While cohosts Sara Haines and Republican Alyssa Farah Griffin praised the Morning Joe détente as a welcome first step, Sunny Hostin and Ana Navarro – two of the fiercer Trump critics on the ABC daytime talker – had some harsher words.
“The bottom line,” said Hostin, “is that America needs a free press that is willing to speak truth to power right now more than ever. I think we have to be very clear on it when we think about the president-elect and cover the president elect and I don’t think you need to sit down for 90 minutes at Mar-a-Lago and kiss his ring to be able to speak truth and be able to cover a story.”
Hostin conceded that Scarborough and Brzezinski are “not journalists in the true sense” but rather “opinion journalists,” but added, “You have to remember that Trump is the guy who ushered in the era of fake news, he’s the guy who ushered in alternative facts, he is the guy who attacked three black female journalists, he’s the guy who revoked Jim Acosta’s press credentials for asking a question…I don’t think he can be trusted in the way that other presidents could be trusted. This is an aberration.”
Navarro, a Never-Trump Republican and one of his staunchest critics, was even more blistering than Hostin about the president-elect and the press.
“In 2016 people voted for the unknown and voted thinking that maybe the gravitas of the office was going to change him,” Navarro said. “In 2024 people voted knowing who he was and nothing that he is doing, as concerning as I find it and as disturbing as I find it, should be shocking because he told us he was going to do these things, he was surrounded by the people he’s appointing. And he is keeping to his word and people voted for him knowing that.
“It’s a sobering truth,” she continued, “and hard to reconcile with what we [on The View] have been doing for the last eight years.. I will never sit down with him and I don’t think I’m gonna have to make that decision because I don’t think I’ll ever get invited.
“The truth of the matter is, as we know around this table, that it is hard to criticize and denounce the abuses of power by Donald trump when he is president. We have been there before – it means threats, it means death threats, it means retribution against your family, it means crazy things showing up at your house, it means lawsuits, it means all sorts of things.
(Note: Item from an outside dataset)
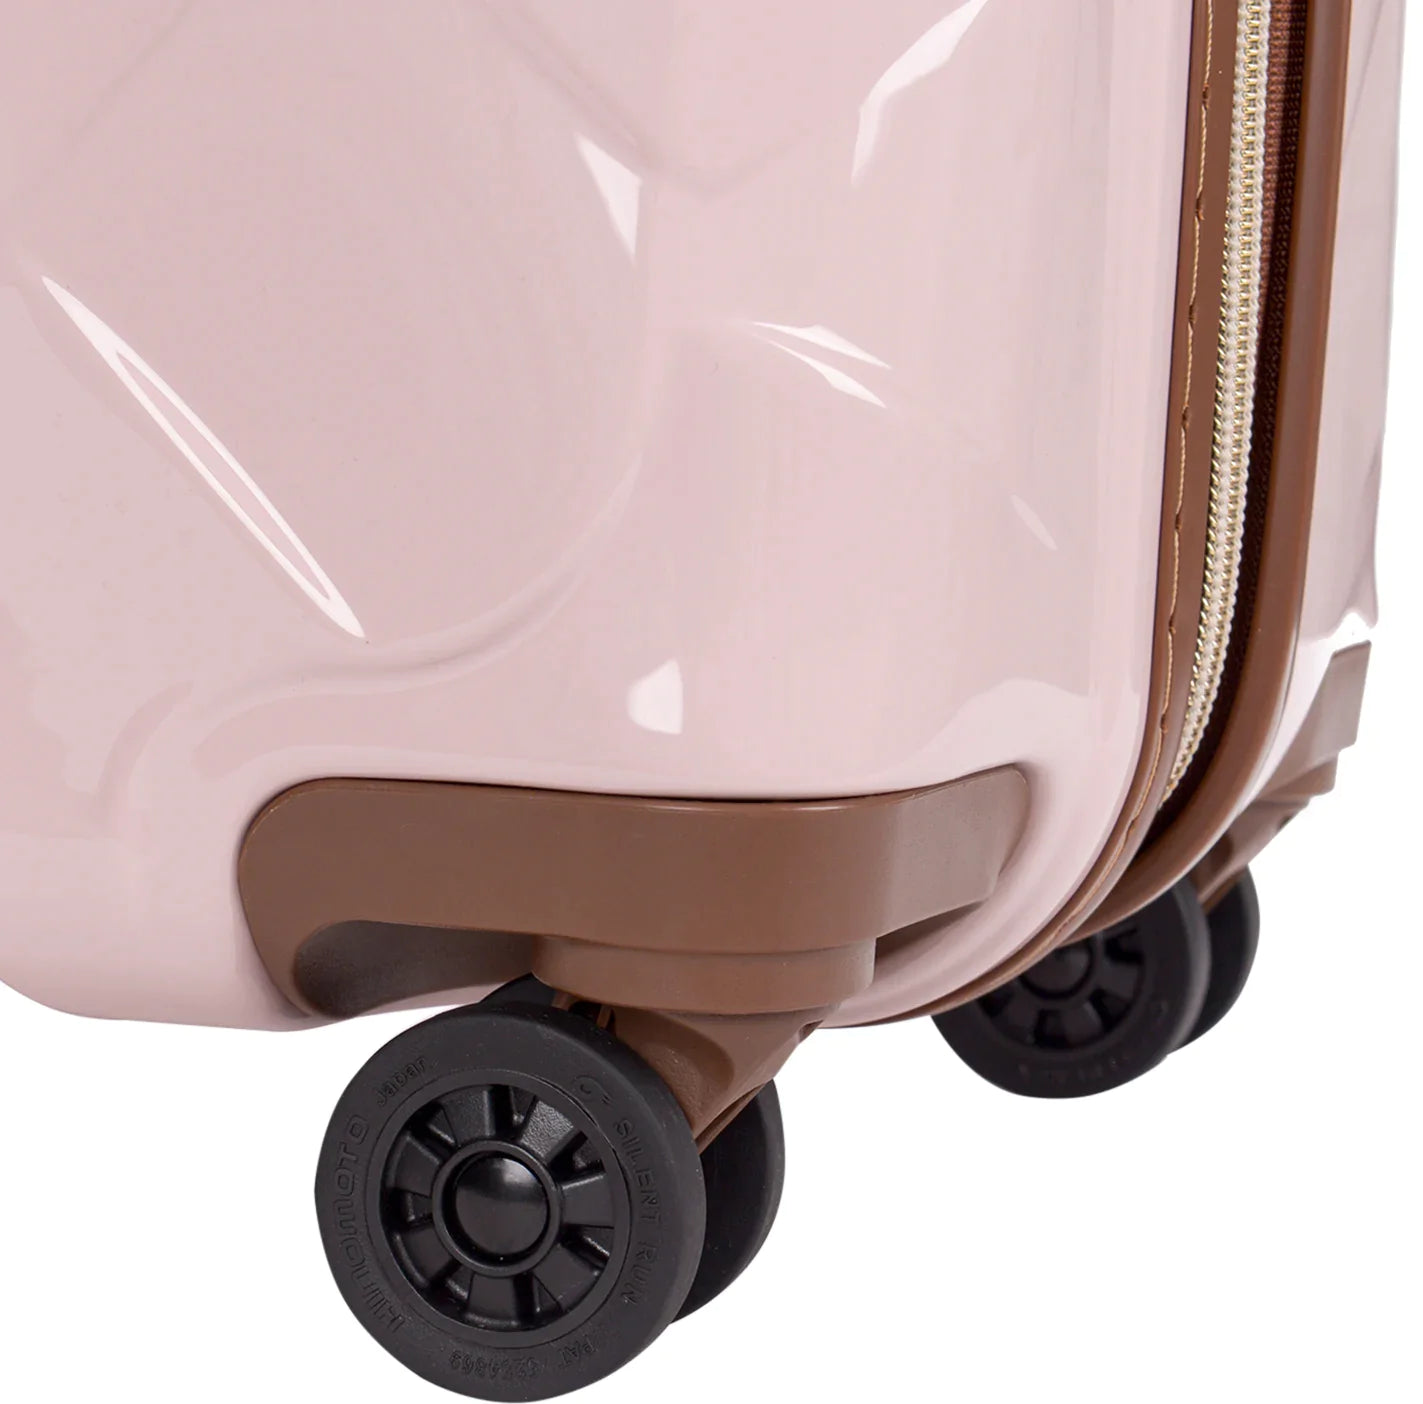 Stratic Leather & More 4-Rollen-Trolley 66 cm - champagne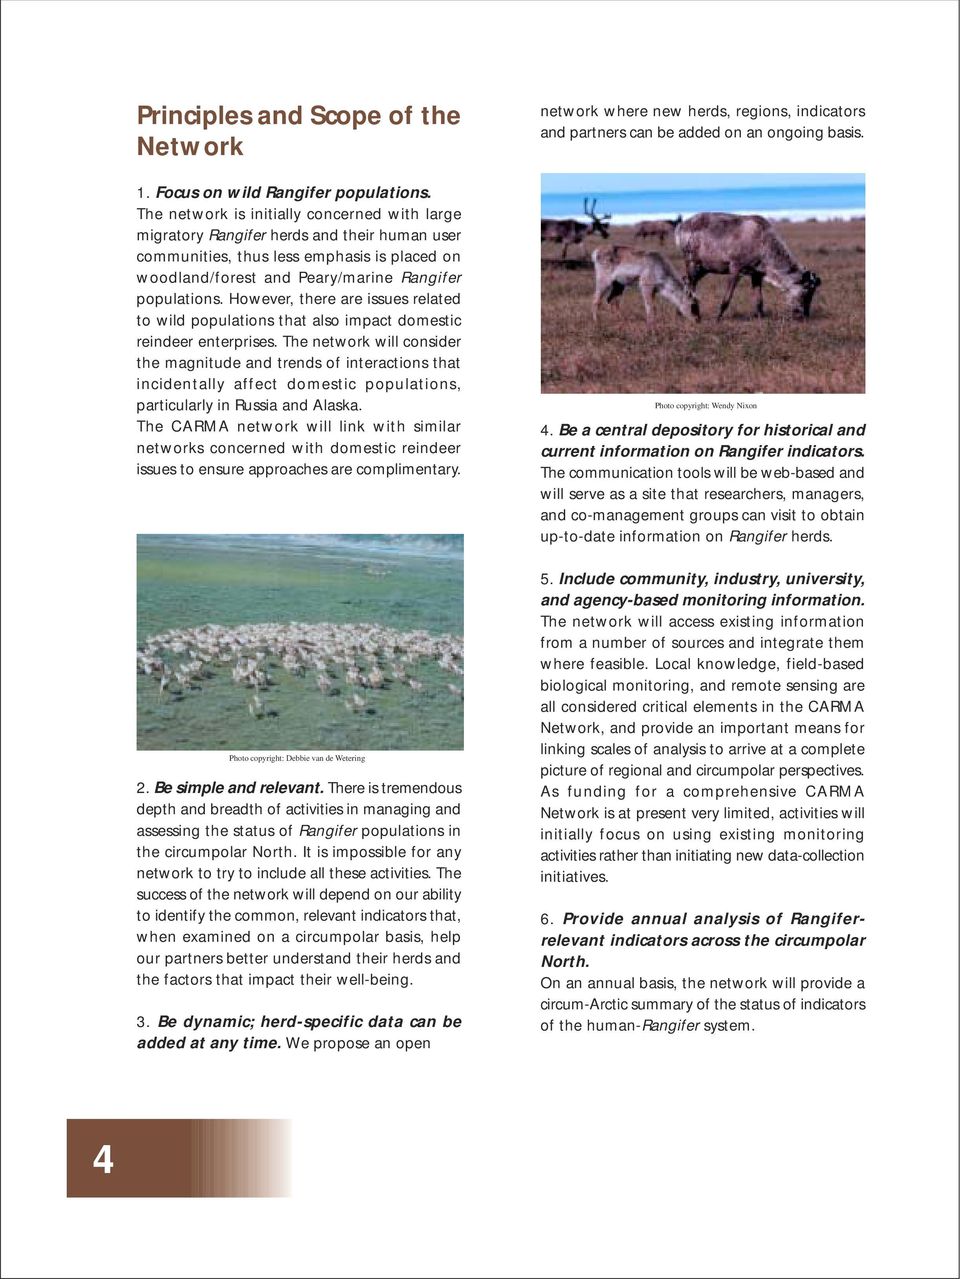 However, there are issues related to wild populations that also impact domestic reindeer enterprises.

We’ve done it before and if we have to do it again we will do so again..
“I think,” she continued, “there are probably a lot of people looking at what Joe and Mika did and find it opportunistic. There are people who change their stripes or maybe their spots depending on who’s in power – I don’t know if that’s what happening with them. Everybody has to live with their decisions, everybody have to look in the mirror. I’m good.”
Moderator Whoopi Goldberg, also a fervid critic of, as she calls him, “You Know Who,” said she’s taking a wait and see approach. “I’m going to wait to see what I’m dealing with …I’m going to have some popcorn and if I have something to say I will say it. To predict what we’re going to do is impossible to say. I want to see what we’re up against, I want to see what will happen.”
After the Hot Topic discussion about Morning Joe, the panel pivoted to recent comments made by Bill Maher about the Left’s inability to view the election results through any lens but race and gender, rather than the economy.
While Griffin supported the notion that voters were motivated by economic factors, Hostin and Navarro pointedly had issues with the comment. “Racism and misogyny are alive and well, I think we don’t want to think that about our neighbors,” Hostin said, while Navarro, saying that she personally like Maher and has been a guest on his show, noted that “maybe when you live life as a woman of color you feel [racism and sexism] a little bit more than when you are white man in America.”
“If you are not seeing racism and sexism in America,” Navarro said, “then you need to clean your lenses.”